World record optical fiber transmission capacity doubles to 22.9 petabits per second
Researchers from the National Institute of Information and Communications Technology (NICT), in collaboration with the Eindhoven University of Technology and University of L'Aquila, demonstrated a record-breaking data rate of 22.9 petabits per second using only a single optical fiber, which was more than double the previous world record of 10.66 petabits per second.
In this research, researchers combined the latest research technologies, such as large-scale Space Division Multiplexing (SDM) and multi-band Wavelength Division Multiplexing (WDM), to demonstrate a path to future ultra-large capacity optical communication networks.
The results of this experiment were accepted as a post-deadline paper presentation at the 49th European Conference on Optical Communications (ECOC 2023) and presented by Ben Puttnam on Thursday, October 5, 2023.
To cope with the ever-increasing data traffic demands, multiplexing technologies using space and wavelength for high data-rate optical fiber communications have been investigated. The former uses advanced optical fibers containing multiple optical paths (channels) within a common cladding, whereas the latter enhances the total transmission capacity by increasing the transmission bandwidth to accommodate many independent Wavelength Division Multiplexed (WDM) data channels.
To date, NICT has realized Space Division Multiplexing (SDM) with over 100 spatial channels by combining multicore fiber (MCF) and multimode fiber transmission technologies as well as multi-band WDM with a total bandwidth of 20 THz by using the S-, C-, and L-bands.
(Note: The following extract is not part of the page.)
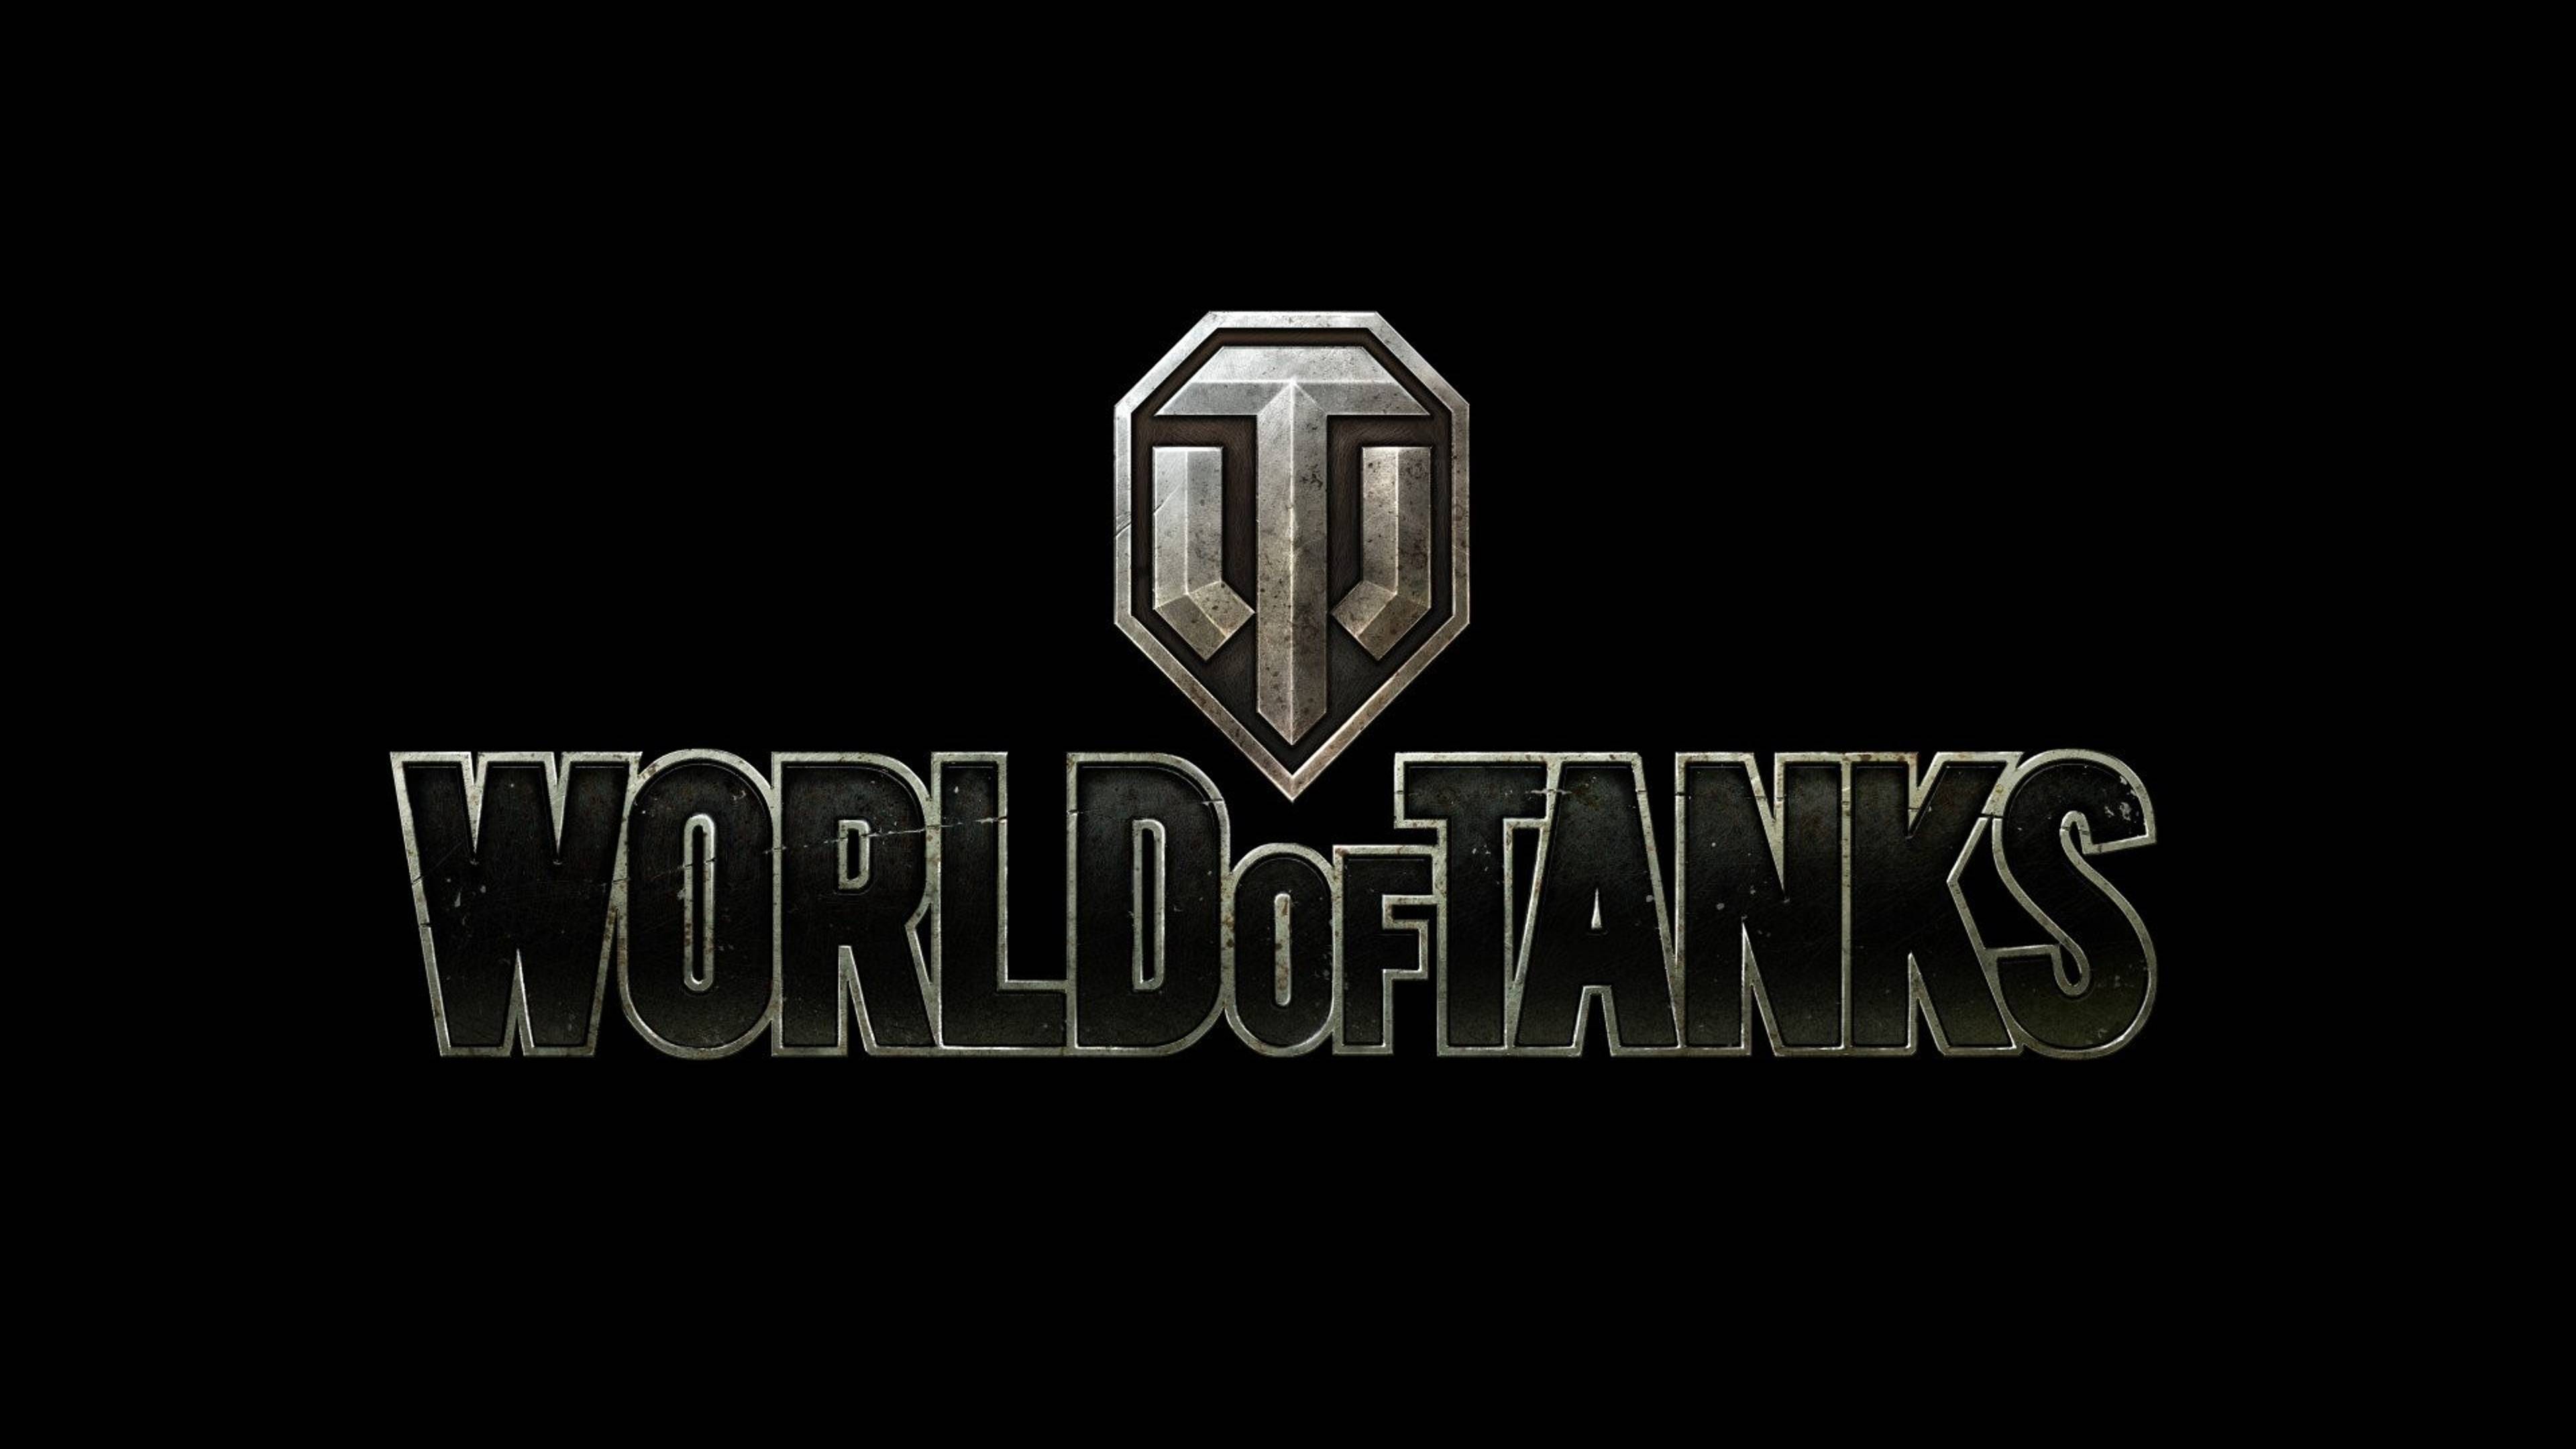 Всем привет я играю в World of tanks  (Ворлд оф танкс).

However, except for very short-distance cases (1 km), the combined use of multi-band WDM and SDM has only been demonstrated for uncoupled four-core MCFs. To combine multi-band WDM and SDM with large spatial channel count fibers (e.g., 114 channels with a 38-core 3-mode fiber), a multi-band-compatible MIMO receiver is required.
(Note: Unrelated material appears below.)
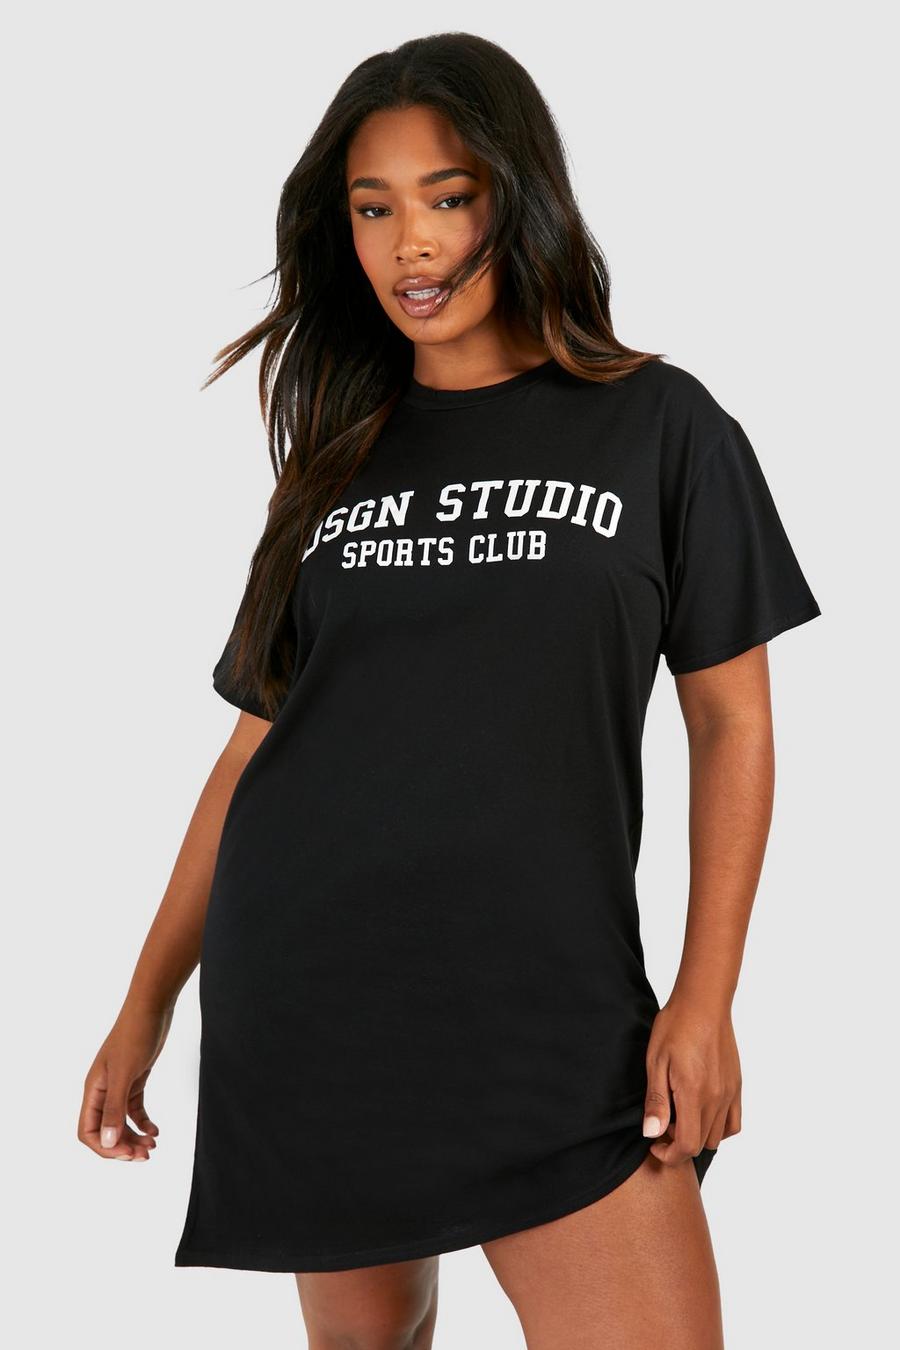 Grande taille - Robe t-shirt à slogan Dsgn Studio, Black

NICT demonstrated the possibility of fiber-optic data communication at 22.9 petabits per second, which is more than double the previous record of 10.66 petabits per second. Using a multi-band-compatible MIMO receiver, they successfully combined multi-band WDM and multi-core, multi-mode SDM for the first time.
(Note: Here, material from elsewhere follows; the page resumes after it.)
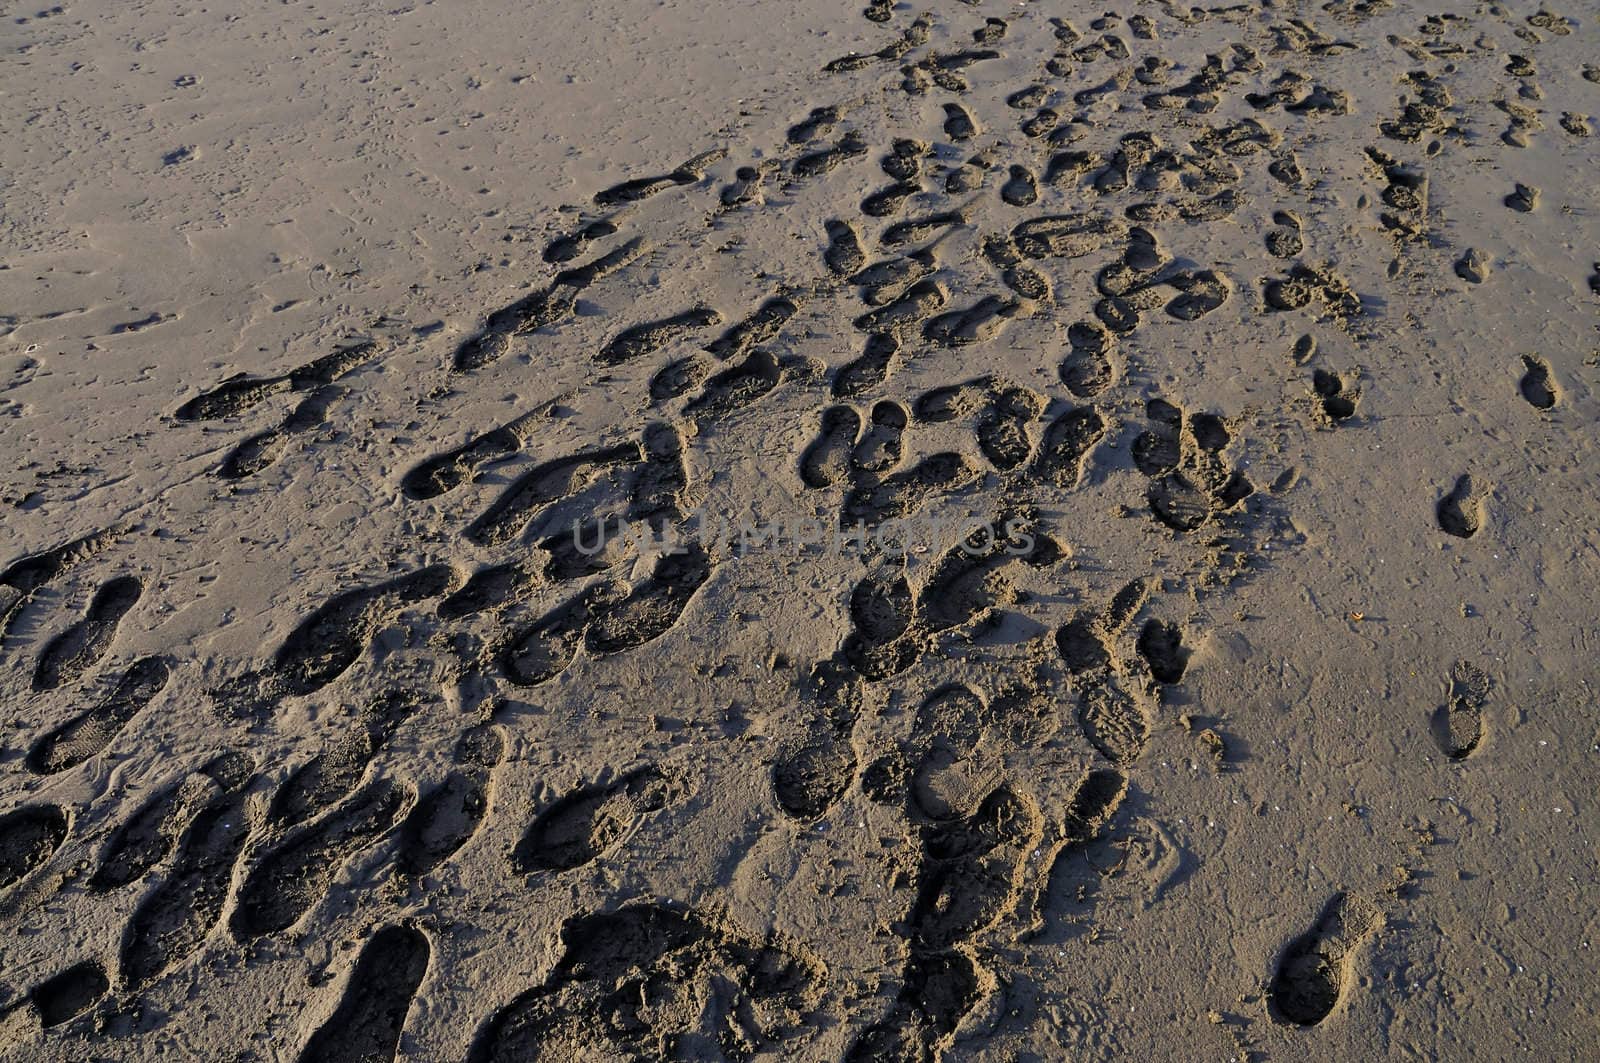 Foot prints on a sandy beach by Sevaljevic

The measured transmission capacity for each core ranged from ~0.3 to 0.7 petabits per second, leading to a total transmission capacity of 22.9 petabits per second. The achieved data rate includes overhead for an implemented forward-error correction code, with the demonstration showing up to 24.7 Pb/s can be achieved with better-optimized coding. This is over 1,000 times the data rate of currently deployed optical fiber communication systems.
While uncoupled four-core MCF is suitable for early adaptation, further improvement of the telecommunication infrastructure using ultra-large-capacity optical fibers will be needed in the future, where the data traffic demand is expected to increase by 3 orders of magnitude (x1,000 times). This study demonstrates the first successful combination of multi-band WDM and SDM employing a multicore multimode fiber, which is key to the realization of future ultra-large-capacity optical fiber communication networks.
NICT will continue to explore multi-band WDM over large SDM fibers including randomly coupled MCFs or multimode fibers that require massive multi-band MIMO receivers.